Each of the program's four semesters has four 30-hour CE courses, equivalent to four 3-academic unit courses per semester. The certificate corresponds to a 48-academic unit, two-year MBHA. Practicing professionals also can enroll in individual courses. The first four courses will be online and available on disks or CD-ROMs this fall:

  • Behavioral Health Entrepreneurship, taught by Dr. Nicholas A. Cummings

  • Healthcare Economics, Prof. Jeanne Wendell

  • Behavioral Health Management, Dr. Ron Fish

  • Medical Psychology, Dr. Janet L. Cummings

Future courses will reflect executive leadership, financial decision making for behavioral health executives, e-health, strategic planning, fundamentals of information technology in behavioral healthcare, principles of healthcare innovation, behavioral care practitioners as primary care providers, and quality improvement in behavioral health.

All courses are taught by acknowledged, if not renowned, professionals with a long history of success in innovating, marketing, and managing behavioral health delivery. Organized behavioral health delivery systems need personnel trained by well-respected, successful, and nationally recognized practitioner-executives, rather than by academicians who lack hands-on experience.

In our current market-driven healthcare system, this training has the potential to increase the ability of psychologists and social workers to participate in new, significant ways in the delivery of mental healthcare, and to attain practice horizons never before possible. It also has the potential to markedly improve healthcare delivery, and particularly that of behavioral care, by infusing our system with experienced, dedicated psychologists and social workers who will bring back clinical perspectives conjoined with sound business principles.

Many of us cannot help but to wince at the way executives who know nothing about effective behavioral care interventions are not only determining how we practice, but how much we should be paid and for what. Current third-party payers are mostly HMOs and managed care companies that utilize bean-counter techniques. They are run by business interests and psychiatrists, some of whom long ago remedicalized into a medicine-prescribing profession that has forgotten how to practice counseling or psychotherapy. Lacking the presence of appropriately business-trained behavioral care executives who can contribute a treatment perspective, many healthcare organizations have become managed cost, rather than managed care, companies.
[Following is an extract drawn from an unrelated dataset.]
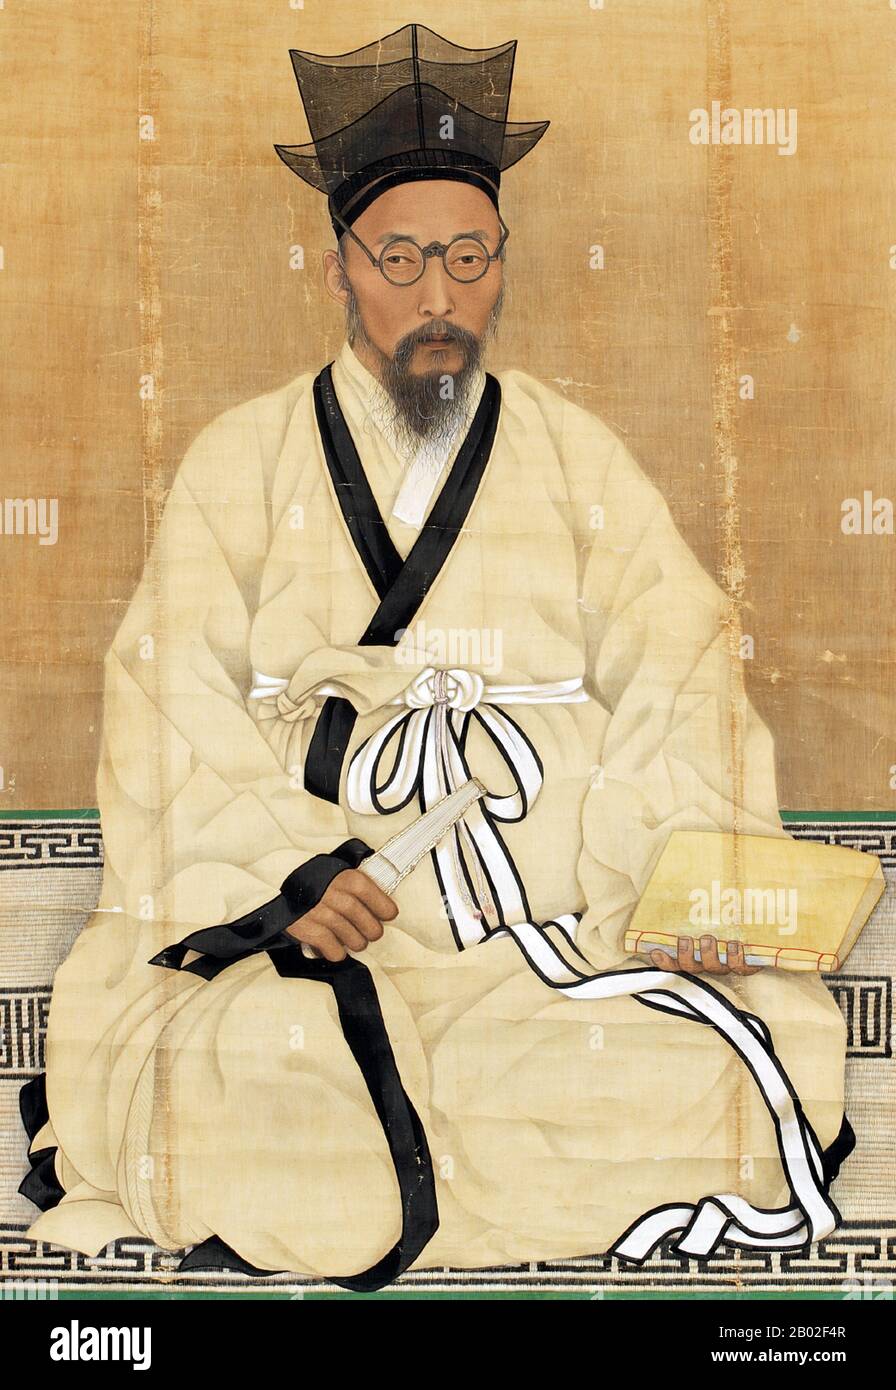 This is a portrait of Hwang Hyeon (1855-1910), a scholar and patriot toward the end of the Joseon period, produced by Chae Yong-sin (1850-1941).  Chae painted the portrait in May 1911, a year after Hwang's death, based on the photograph but changing the costume and pose. Hwang is portrayed wearing a Confucian scholar's overcoat (simeui) and a tiered black horsehair hat, sitting on a decorative mat and holding a book and a fan in his hands. Stock Photo

For physicians, business training now begins in medical schools, and continuing such training after graduation is encouraged by the availability of medical business courses, postdoctoral degrees, and seminars. The same is true for dentists, podiatrists, pharmacists, nurse practitioners, and all other healthcare professionals other than psychologists and social workers. Because we have lagged behind, the U.S. Department of Labor's Bureau of Labor Statistics reports that psychology is now the lowest paid of all doctoral-level health professions, being surpassed in incomes in 2005 by podiatry, optometry, and other endeavors with fewer years of education than psychology. Sadly, social work lags considerably behind psychology.